Segment Start: Given information

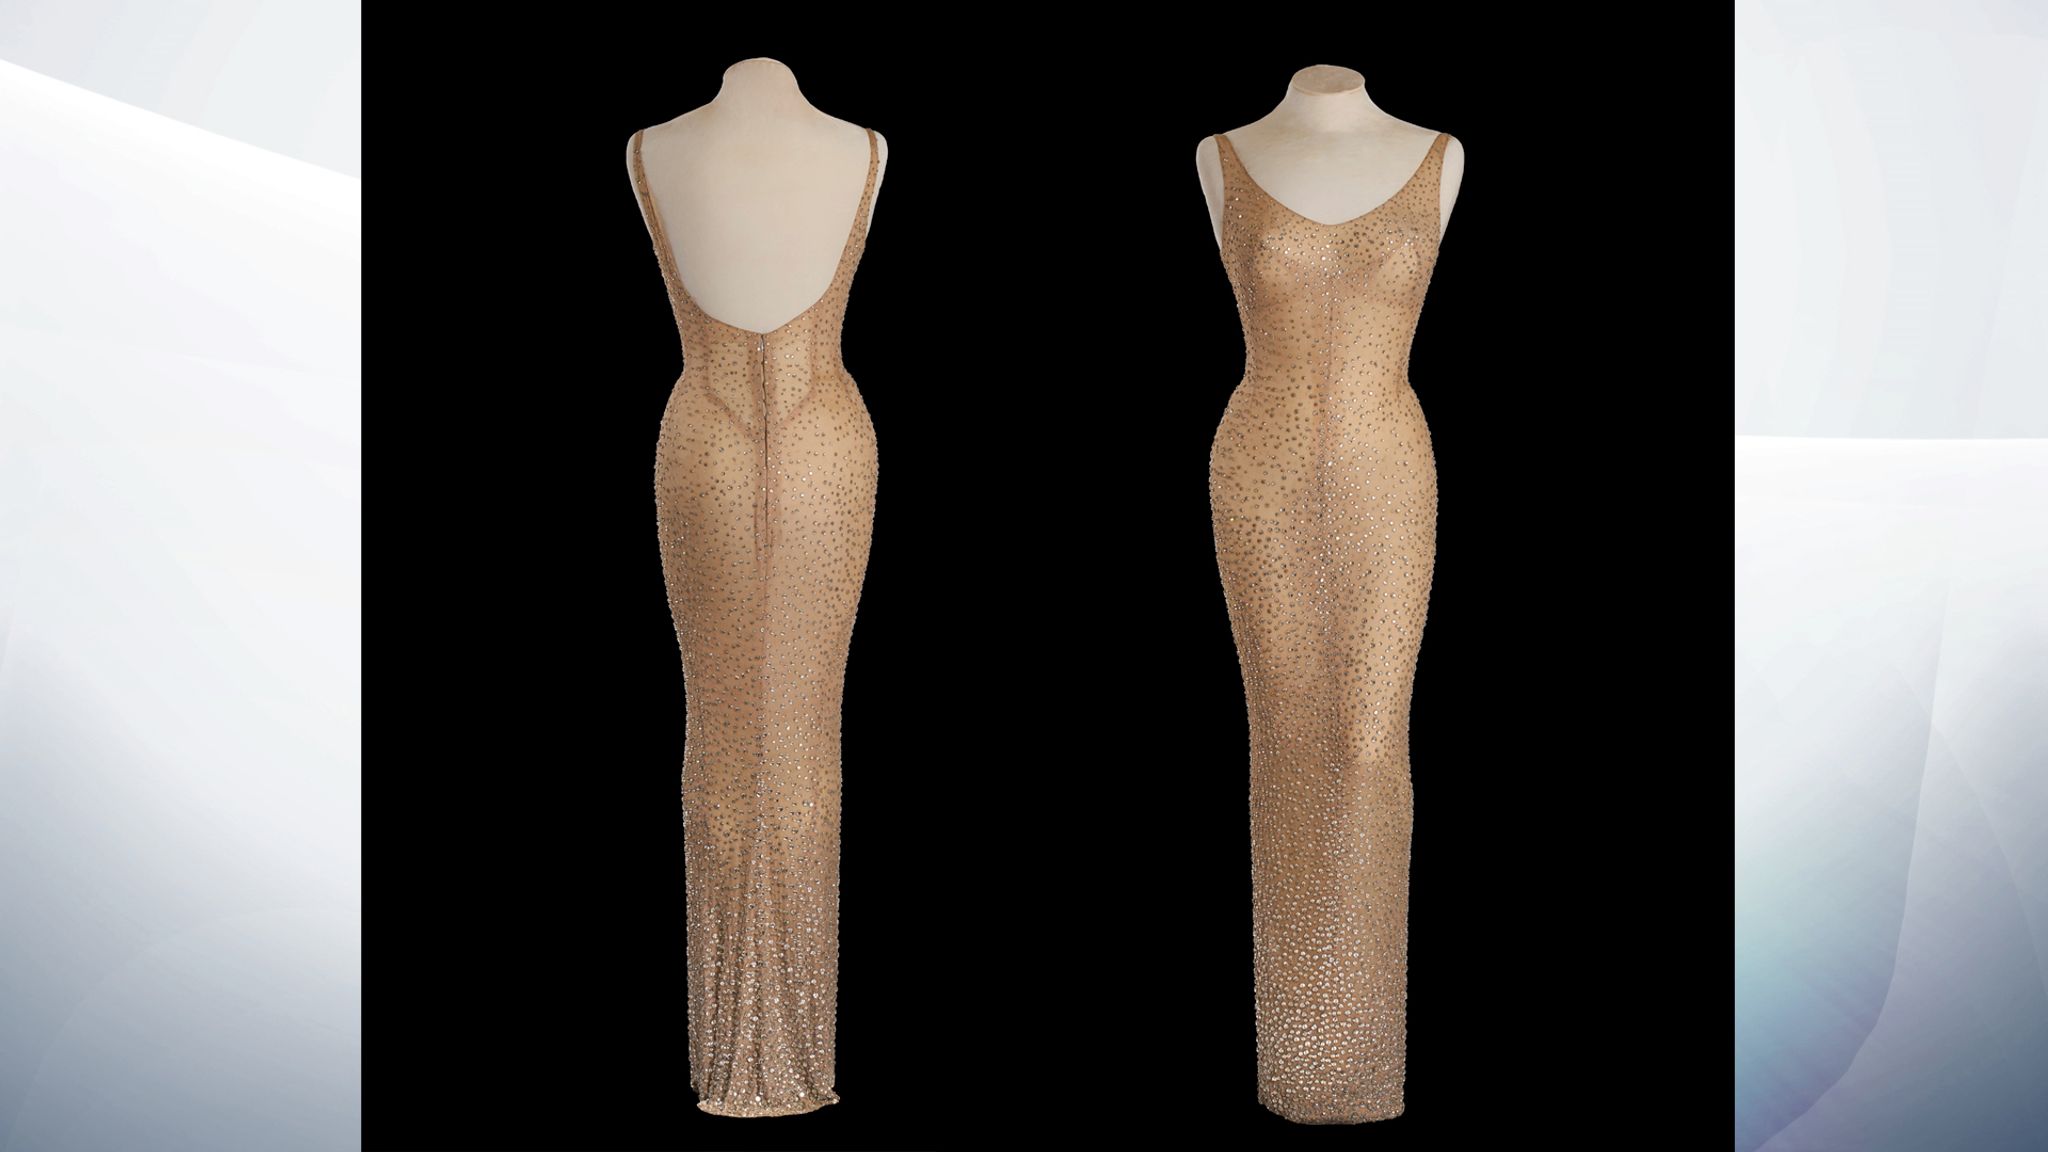 Marilyn Monroe's Happy Birthday dress sold for $4.8m | Ents & Arts News
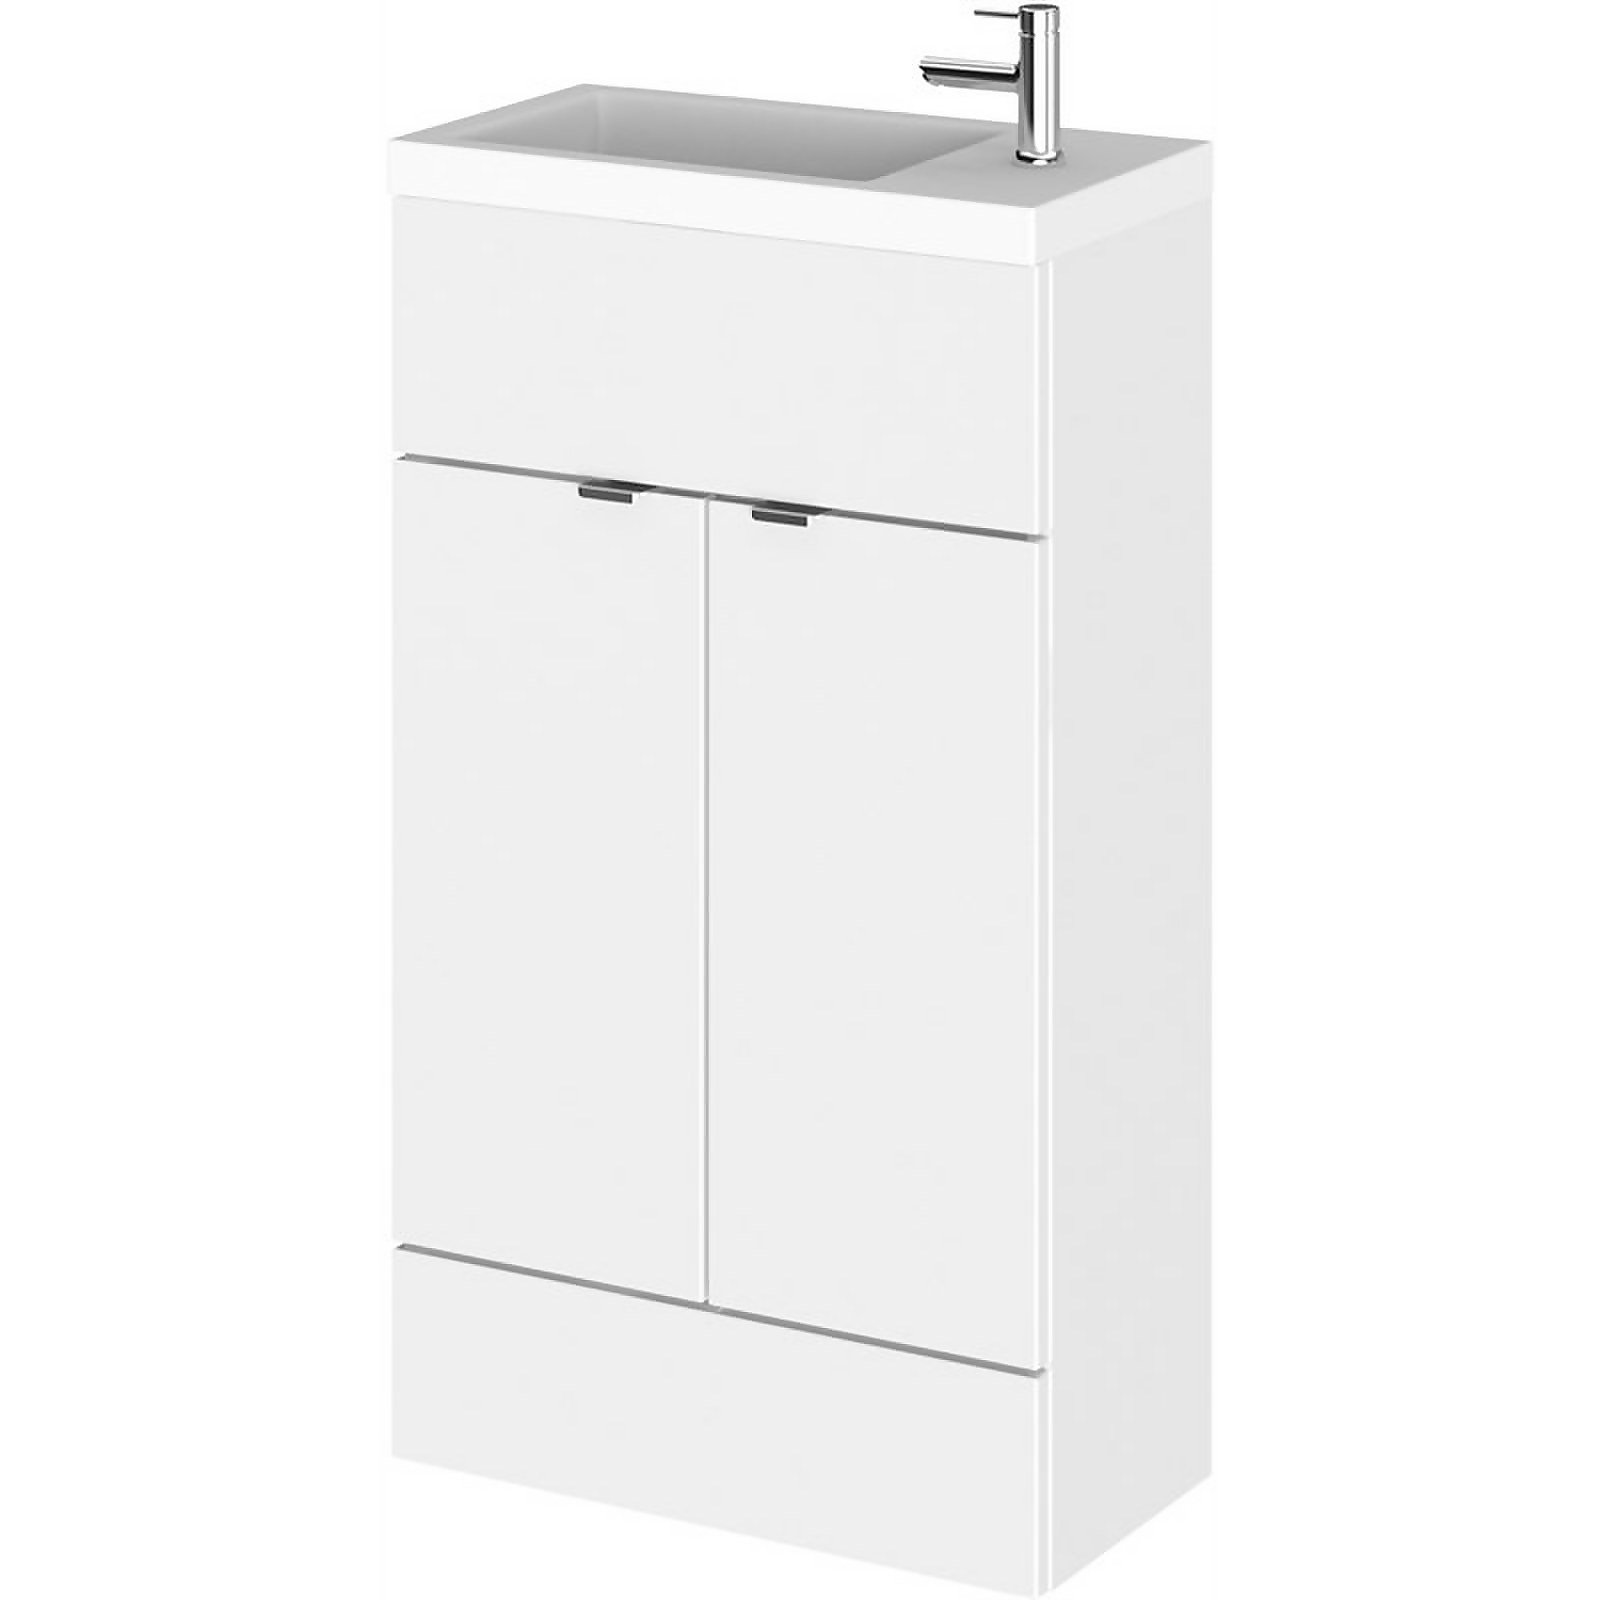 Balterley Dynamic 500mm Compact Vanity Unit with Basin - Gloss White
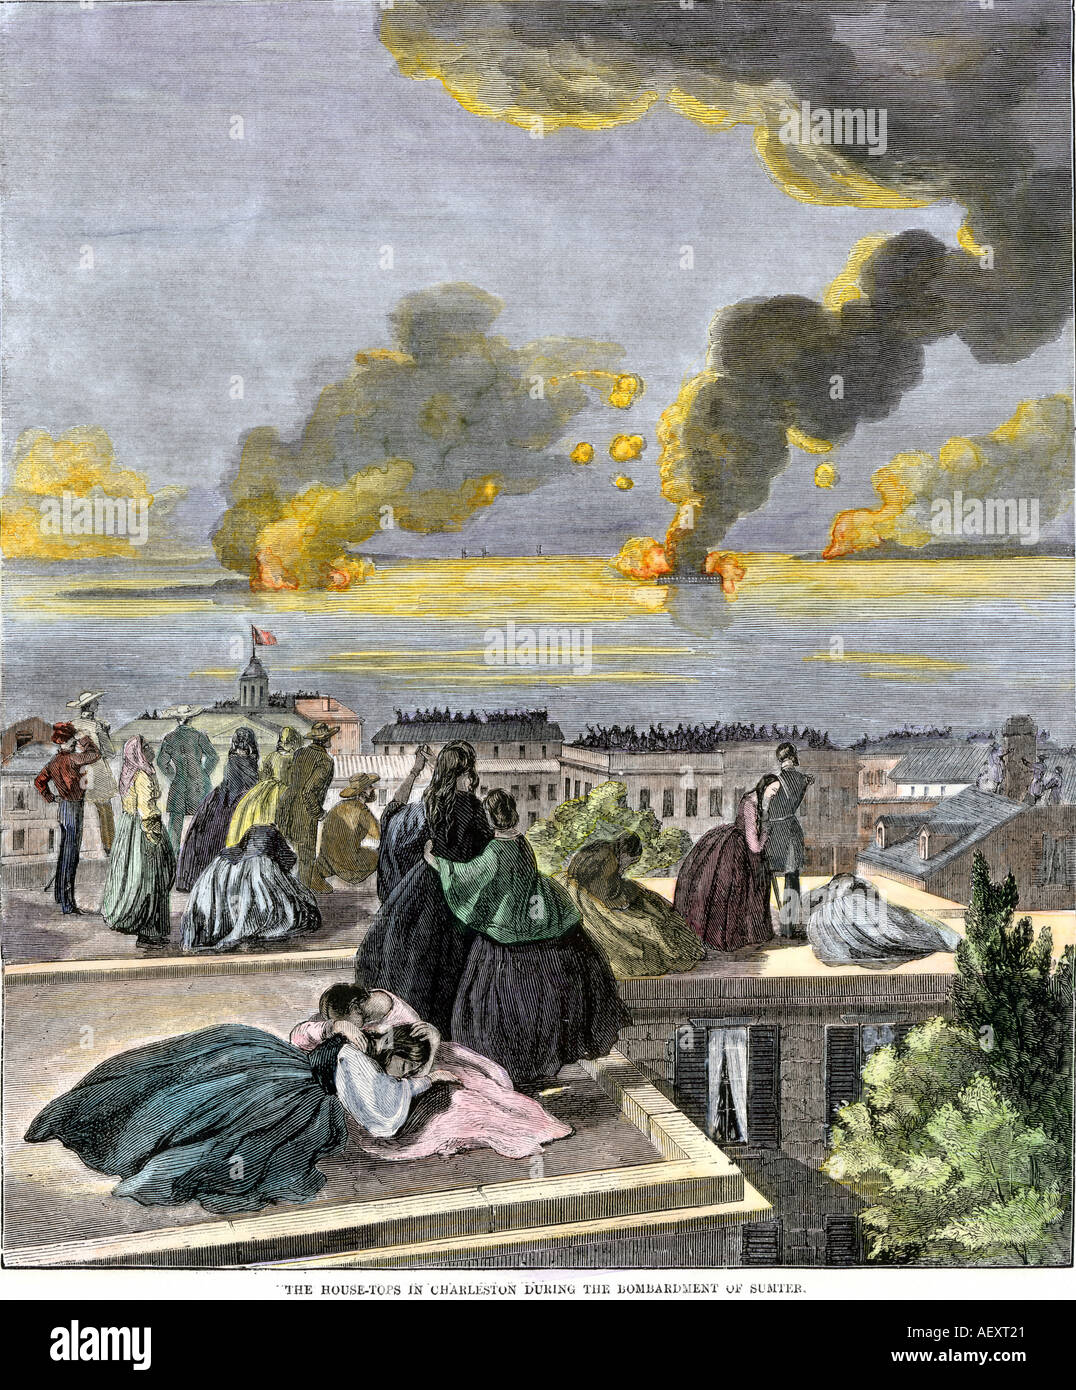 Citizens of Charleston watching the Confederate bombardment of Fort Sumter starting the American Civil War 1861. Hand-colored woodcut Stock Photo

Segment End: Given information

Exercise: Your task is to restate word for word the lines from the one containing "Balterley Dynamic 500mm" through the last line of the data, both ends included, with no pictures.

The completed task:
 Balterley Dynamic 500mm Compact Vanity Unit with Basin - Gloss White
 Citizens of Charleston watching the Confederate bombardment of Fort Sumter starting the American Civil War 1861. Hand-colored woodcut Stock Photo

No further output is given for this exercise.